At the time, the group was utilizing a powdered form of propellant. However, Parson had a realization that asphalt could be mixed with combustible chemicals to create a solid-state rocket. It would burn slowly and evenly like a cigarette to provide stable predictability. This technology made the group’s work very attractive to the military.
“The first substantial influx of money came from the United States Army Air Corps. The U.S. had not yet entered World War II, but the military wanted small rockets that could lift heavy aircraft off the ground. In August 1941, Frank Malina – one of the original “rocket boys” – headed a group that equipped an Ercoupe plane with rockets. The modified Ercoupe lifted off in half the normal distance. This method was named “Jet Assisted Take-Off,” and the rockets were called JATOs.”

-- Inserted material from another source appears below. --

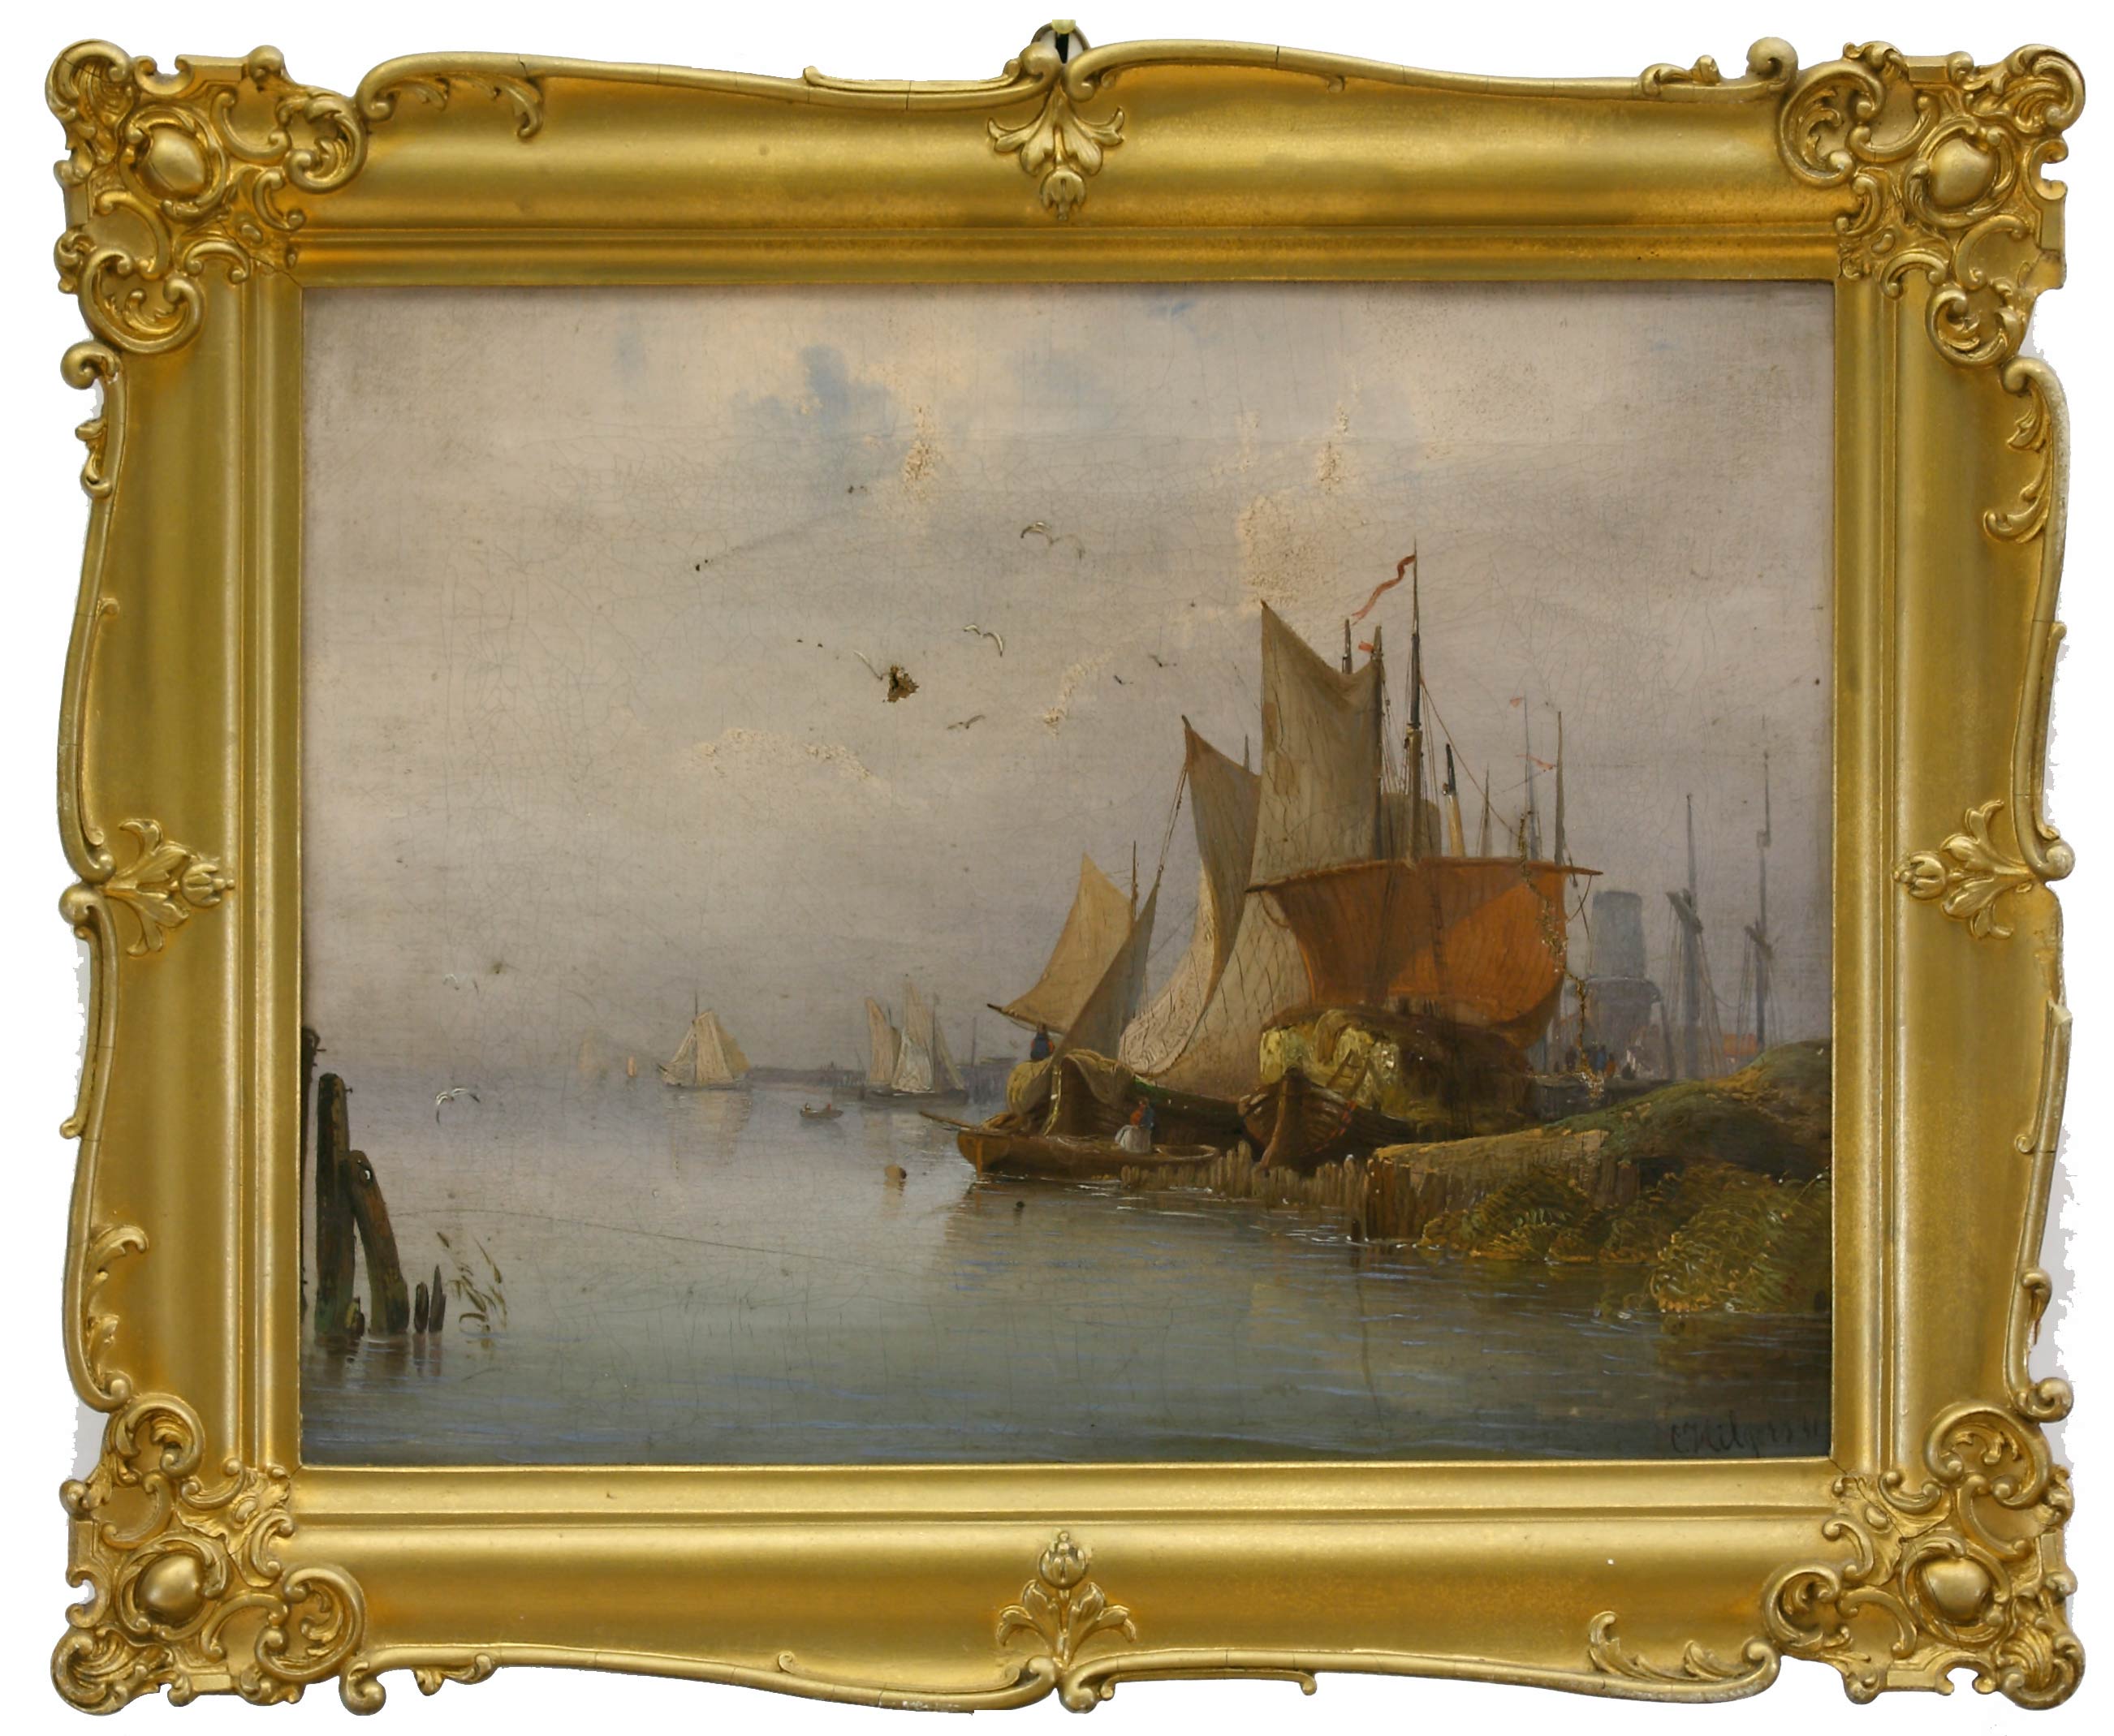 Auktionshaus Quentin Berlin  Gemälde Hilgers  Carl  Anlandende Segelboote. (18)41

As Parson’s career boomed, so did his status in his occult organization. He led an American lodge of Ordo Templi Orientis, which practiced hedonism and satanic worship. His personal home also became a boarding house to occultists and eccentrics. Among his famous residents, L. Ron Hubbard became his “magical partner.”
“(Ultimately Hubbard would steal Parsons’ girlfriend and allegedly bilk him in a Miami yacht venture.) Years later, when Hubbard had grown famous and realized the antichrist episode didn’t comport with his image as a man of culture and wisdom, he would reportedly claim to have been working on an undercover mission for U.S. Naval Intelligence to investigate black magic.”
Parson lost his money to bad business ventures and his security clearance to bad behavior. The combination of the two forced him to work as a Hollywood pyrotechnics expert. As he toiled in his home lab, Parson accidently mixed the wrong chemicals and lost his life to an explosion.
“Parsons the science-fiction fan didn’t live to see the children of his greatest fuel invention bring man to the moon and man’s machinery to far planets. But some people remembered. A crater on the dark side of the Moon has been named after this man who believed he could summon spirits and who hoped to propel himself into space.”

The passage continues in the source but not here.